A synthetic phenotype dataset.

Description

A matrix containing simulated quantitative phenotype measures for 358 subjects (rows).

Usage

Format

An object of class matrix (inherits from array) with 358 rows and 1 columns.

Aggregate and Save Cross-validation Result for Single-omics Analysis

Description

Saves cross-validation results in a table with the user-defined directory and outputs penalty term with the highest testing canonical correlation, lowest prediction error, and lowest scaled prediction error.

Usage

aggregateCVSingle(
  CVDir,
  SCCAmethod = "SmCCA",
  K = 5,
  NumSubsamp = 500,
  verbose = FALSE
)

Arguments

CVDir

A directory where the result is stored.

SCCAmethod

The canonical correlation analysis method that is used in the model, used to name cross-validation table file, default is set to 'SmCCA'.

K

number of folds for cross-validation.

NumSubsamp

Number of subsampling used.

verbose

Logical; if TRUE, print progress messages during execution, otherwise run silently.

Value

A vector of length 3 with indices of the penalty term that (1) maximize the testing canonical correlation, (2) minimize the prediction error and (3) minimize the scaled prediction error.

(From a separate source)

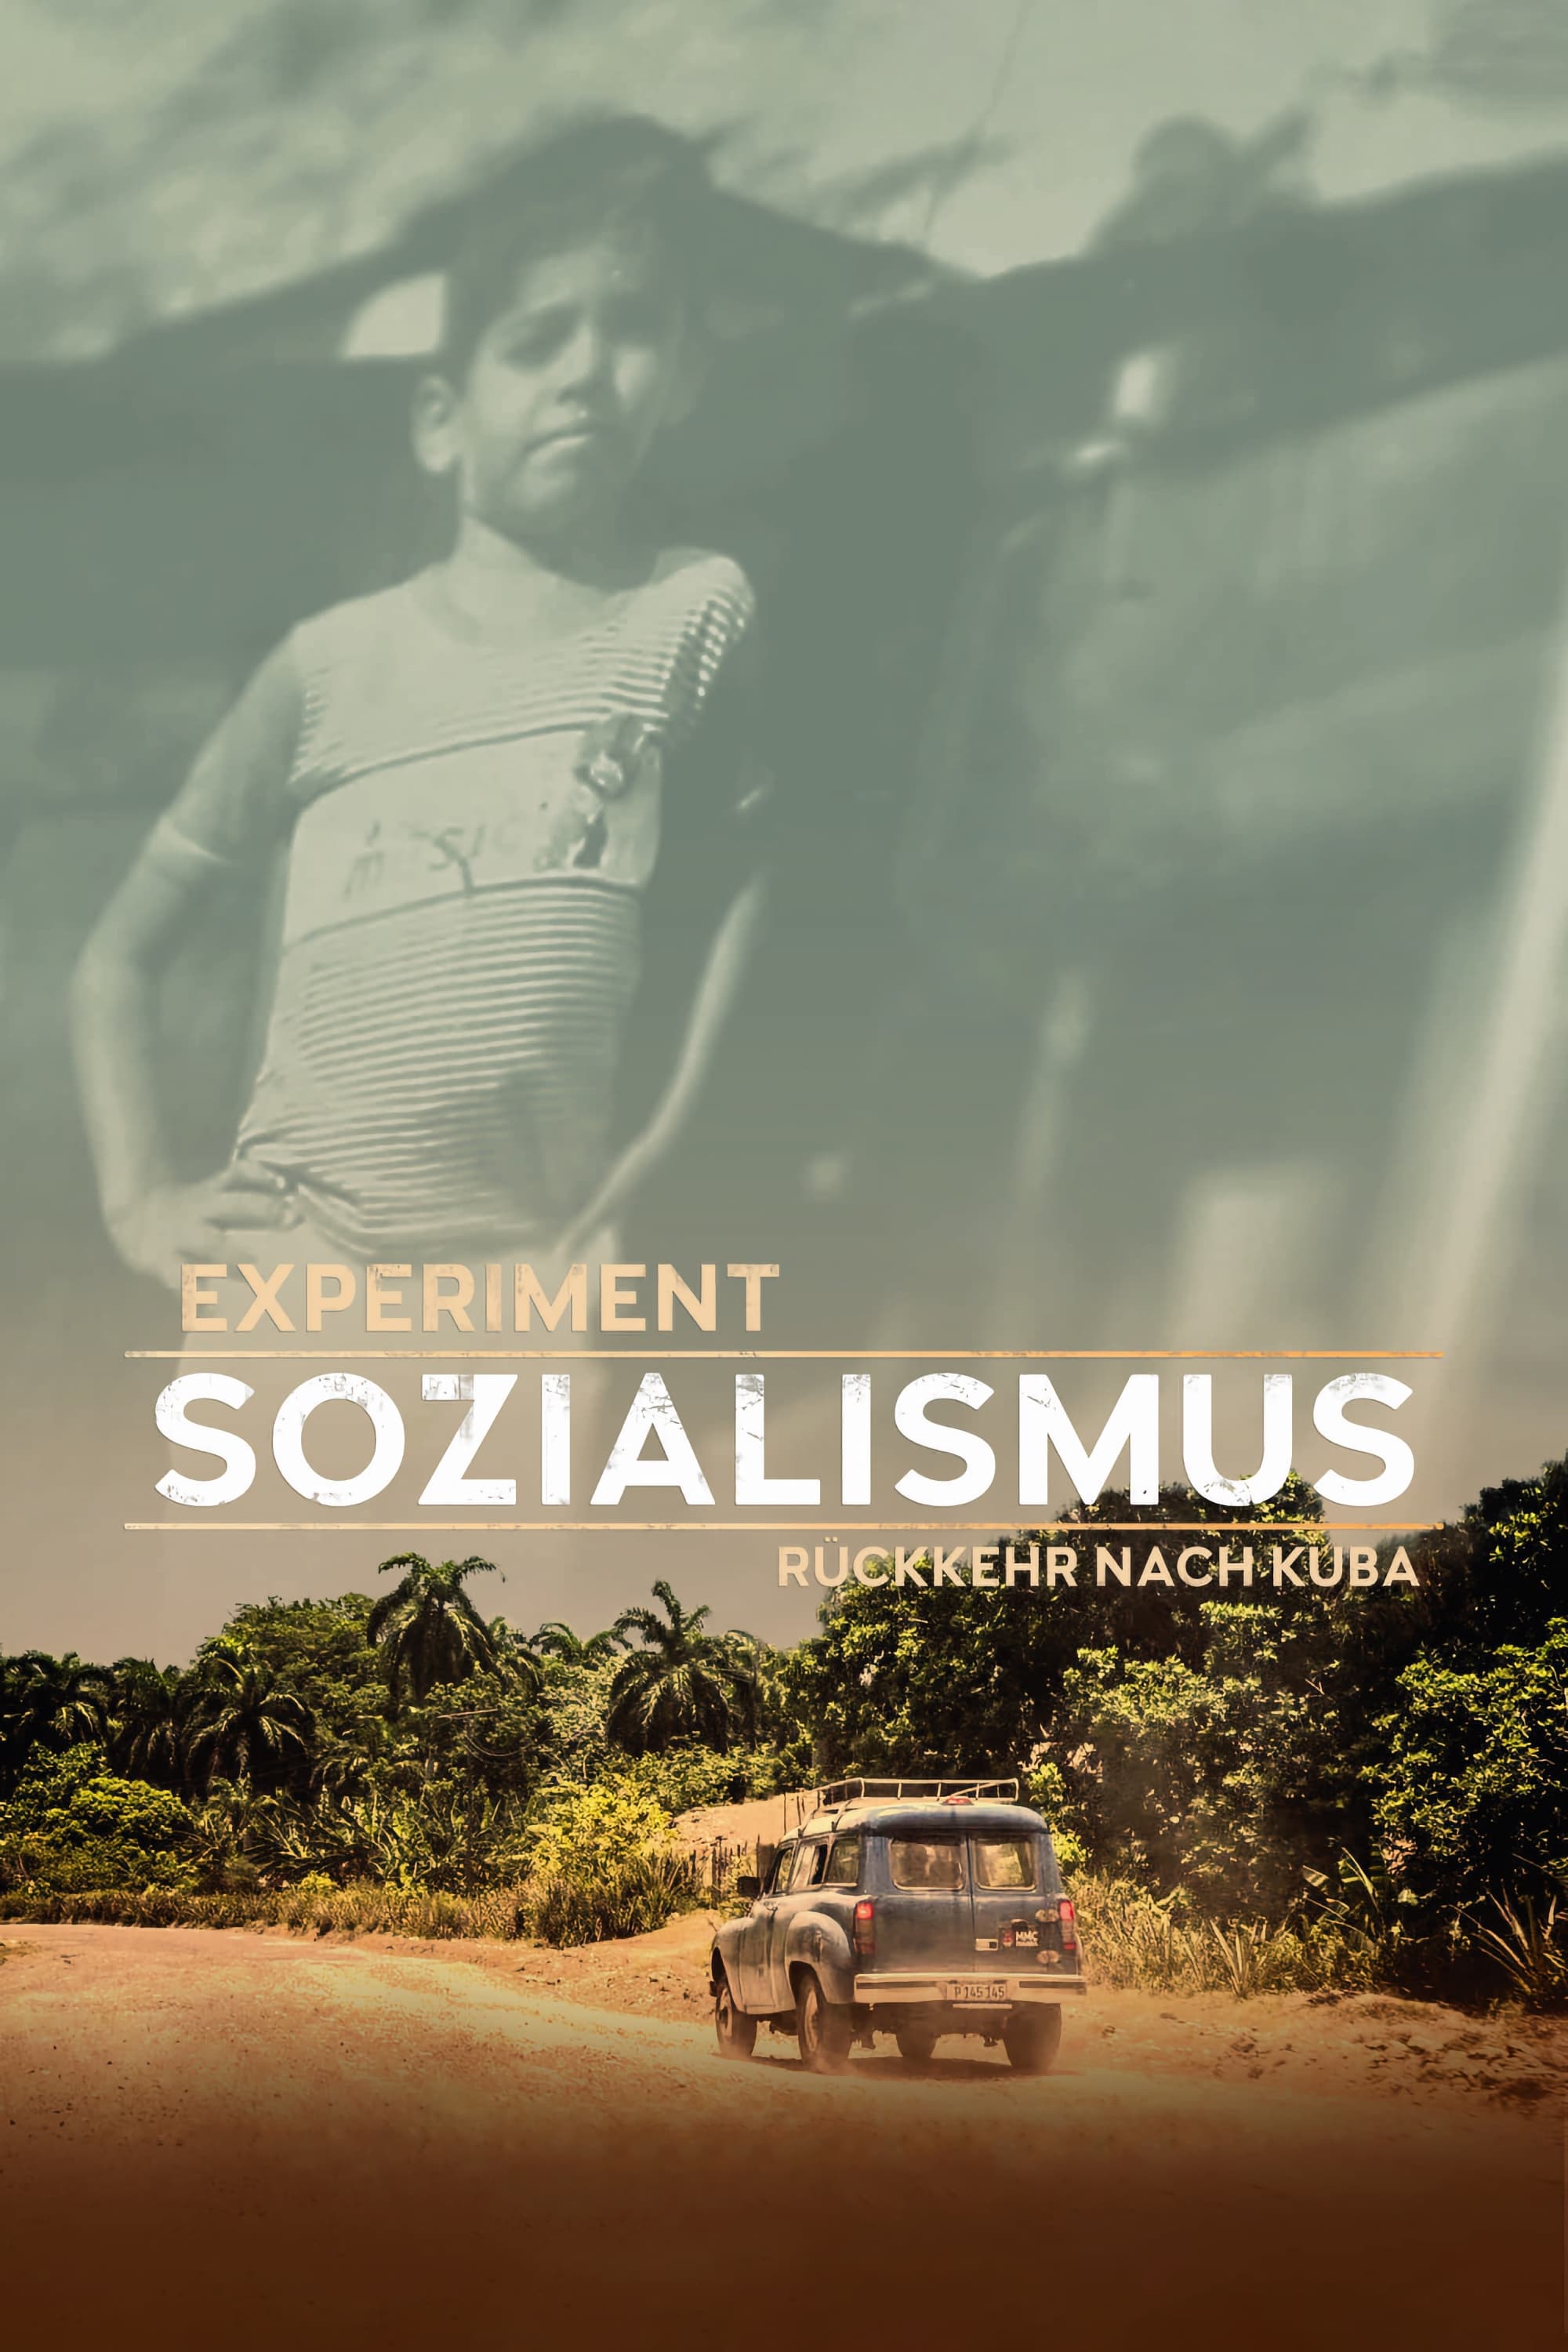 Experiment Socialism

Evaluation of Binary Classifier with Different Evaluation Metrics

Description

Evaluate binary classifier's performance with respect to user-selected metric (accuracy, auc score, precision, recall, f1 score) for binary phenotype.

Usage

classifierEval(
  obs,
  pred,
  EvalMethod = "accuracy",
  BinarizeThreshold = 0.5,
  print_score = TRUE
)

Arguments

obs

Observed phenotype, vector consists of 0, 1.

pred

Predicted probability of the phenotype, vector consists of any value between 0 and 1

EvalMethod

Binary classifier evaluation method, should be one of the following: 'accuracy' (default), 'auc', 'precision', 'recall', and 'f1'.

BinarizeThreshold

Cutoff threshold to binarize the predicted probability, default is set to 0.5.

print_score

Whether to print out the evaluation score, default is set to TRUE.

Value

An evaluation score corresponding to the selected metric.

Examples

# simulate observed binary phenotype
obs <- rbinom(100,1,0.5)
# simulate predicted probability
pred <- runif(100, 0,1)
# calculate the score
pred_score <- classifierEval(obs, pred, EvalMethod = 'f1', print_score = FALSE)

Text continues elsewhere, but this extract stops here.